Editorial: Veterans of internal wars

Published 12:00 am Sunday, November 6, 2011

If you want to truly observe Veterans Day this Friday, go to the Waterworks Visual Arts Center and observe what local veterans have shared for the exhibit, “Through a Soldier’s Eyes.”
There you’ll see photographs from more than 40 years ago, capturing both their youth and their experiences in Vietnam — shirtless G.I.s sharing a Christmas Day meal as they sit on the ground, a small Vietnamese man giving a soldier a 25-cent haircut, screaming children running past bodies on a sidewalk.
You’ll see old boots, newspaper headlines, and notes scribbled on the “Message to a Hero” board.
“Thank you all and God Bless you.”
“Rest in Peace My Brother and Welcome Home.”
And you’ll see a pile of smooth rocks, each bearing the name of a fallen soldier, and all of them filling in a heart-shaped space. Love. Remember. Honor.
We honor veterans for serving our country. But we gloss over their horrible experiences and the war that continues to rage in them long after they come home. Until we get them to break their silence.
That’s what Sharon Raynor did.
“There was so much we didn’t know about my father,” Raynor, an associate professor at J.C. Smith University said during a talk at the Waterworks last Tuesday. She came across his war diary while she was going through a drawer one day, and it opened for her a chapter of his life that he had closed, shutting himself off from the world with it.
He was withdrawn and showed little emotion, she said. He wouldn’t hug his children like other dads did. He didn’t talk about the war — wouldn’t talk about it — until his daughter started asking him and other veterans a lot of questions.
The result was Raynor’s oral history project, “Breaking the Silence: The Unspoken Brotherhood of Vietnam Veterans.” Her father is part of a team of veterans who not only shared their stories with Raynor but also became a support group for themselves and other veterans.
Raynor shared film footage of the men talking about being in Vietnam.
• One man told of writing home every night yet going four weeks without hearing anything in return. “Is we still in the world or are we on another planet?” he recalled wondering. “… I didn’t realize what it’s like to be 10,000 miles from home.”
• Said another: “…. Vietnam was not my cup of tea. I had to do it and I did it. … War is not fair to anyone.”

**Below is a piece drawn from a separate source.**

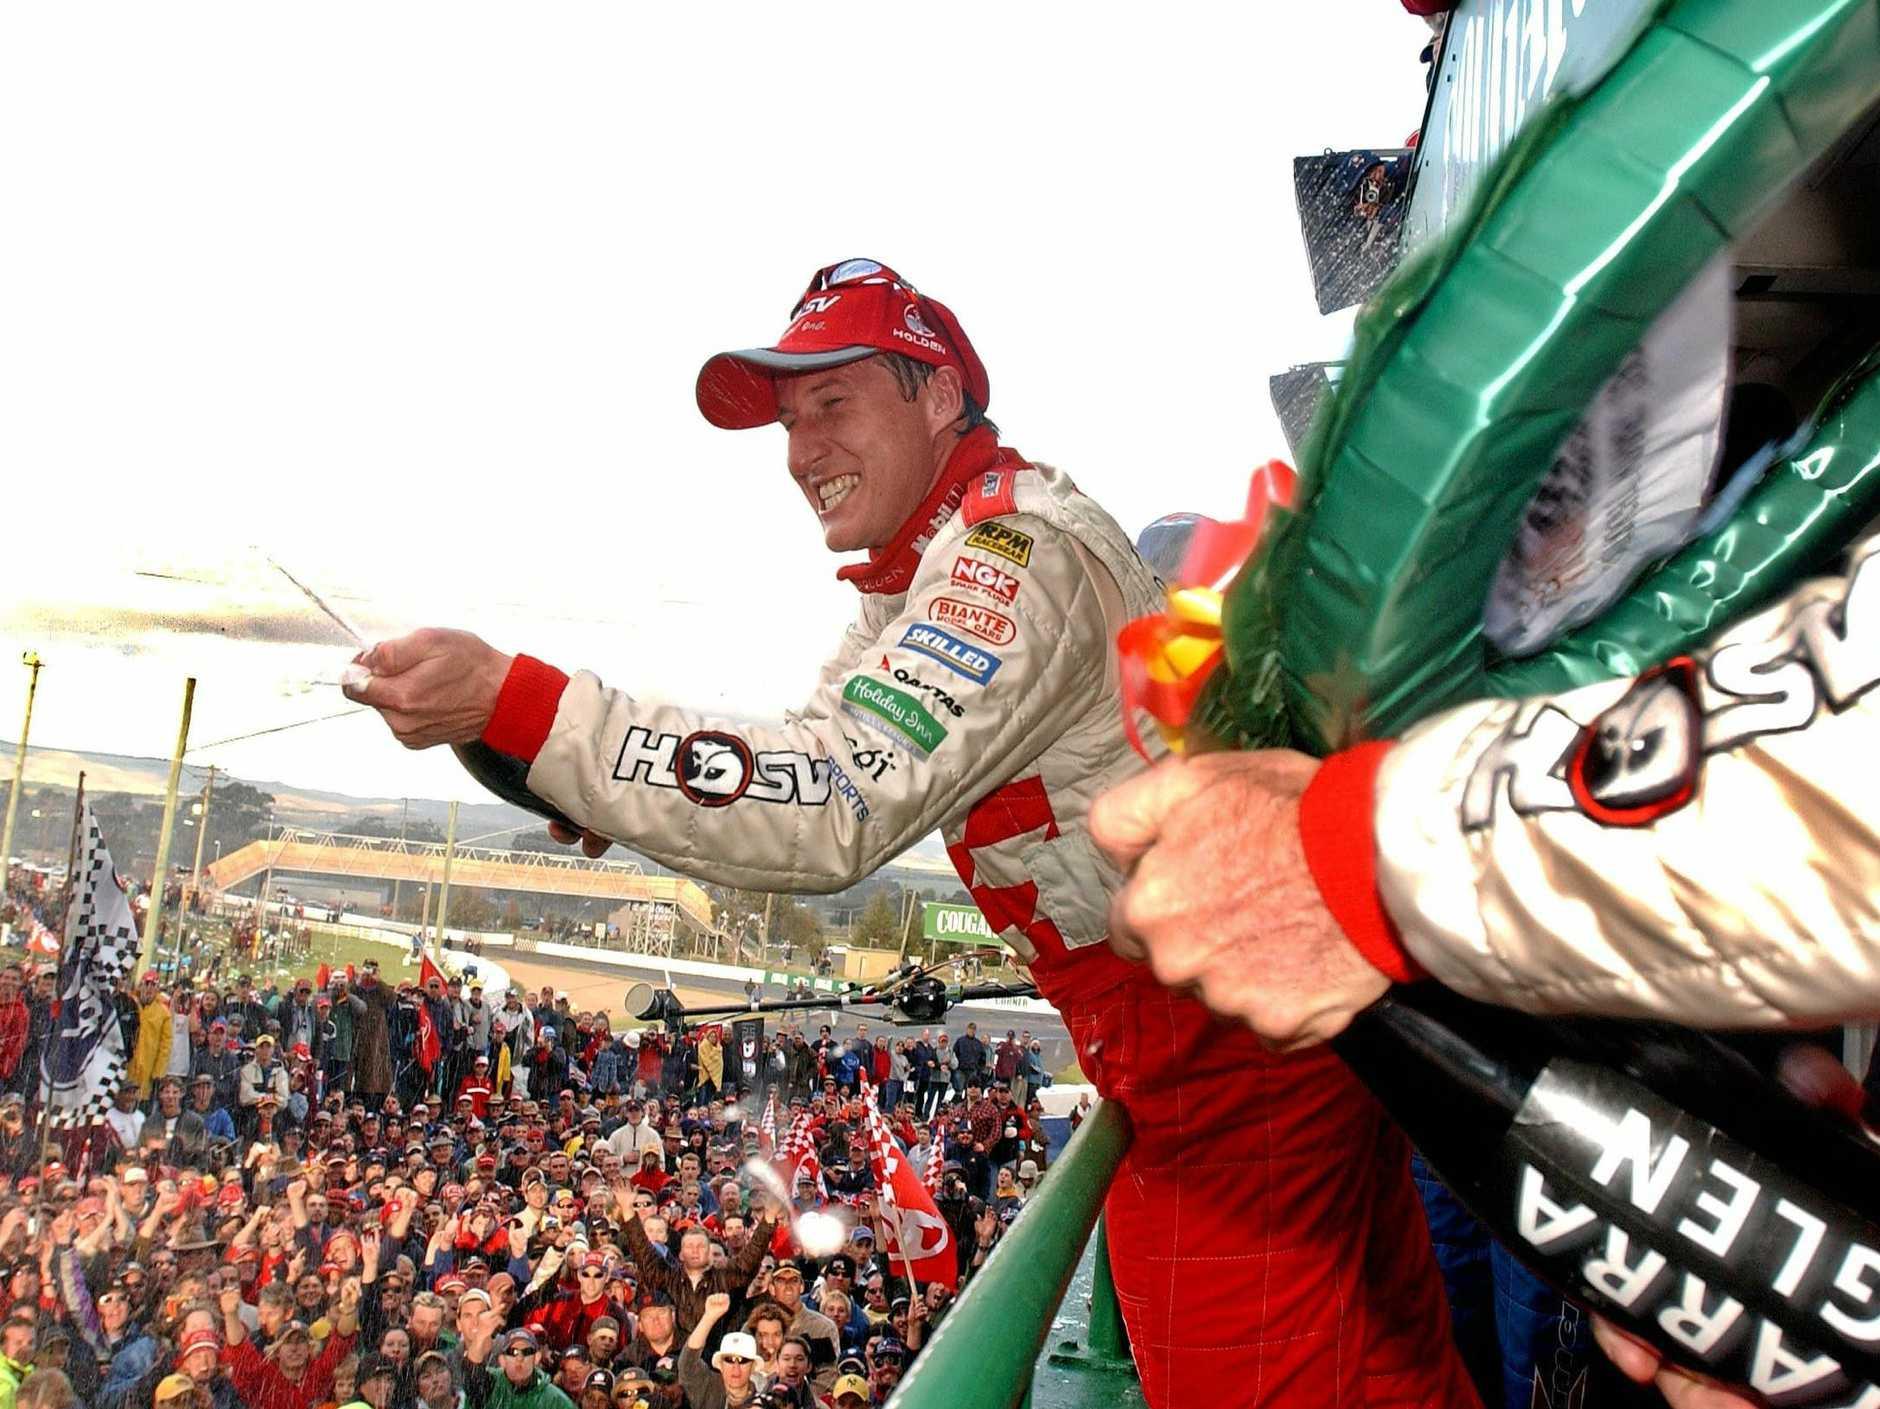 07 Oct 2001:  Mark Skaife of the Holden Racing team sprays champagne after taking victory in the Bathurst 1000 V8 Supercar race held at Mt Panormama, Bathurst, Australia.  DIGITAL IMAGE Mandatory Credit: Chris McGrath/ALLSPORT

• “I didn’t really live. I just survived,” another man said. Alcohol and drugs were the way he dealt with the war, both in Asia and when he came home, but he neglected people close to him. “I thank God that over the years, things did change.”
Not every soldier battles demons after returning home. But they all have stories to tell — and they are all due respect and honor as we celebrate Veterans Day. “We make war that we may live in peace,” Aristotle said. No one deserves that peace more than the veterans who won it.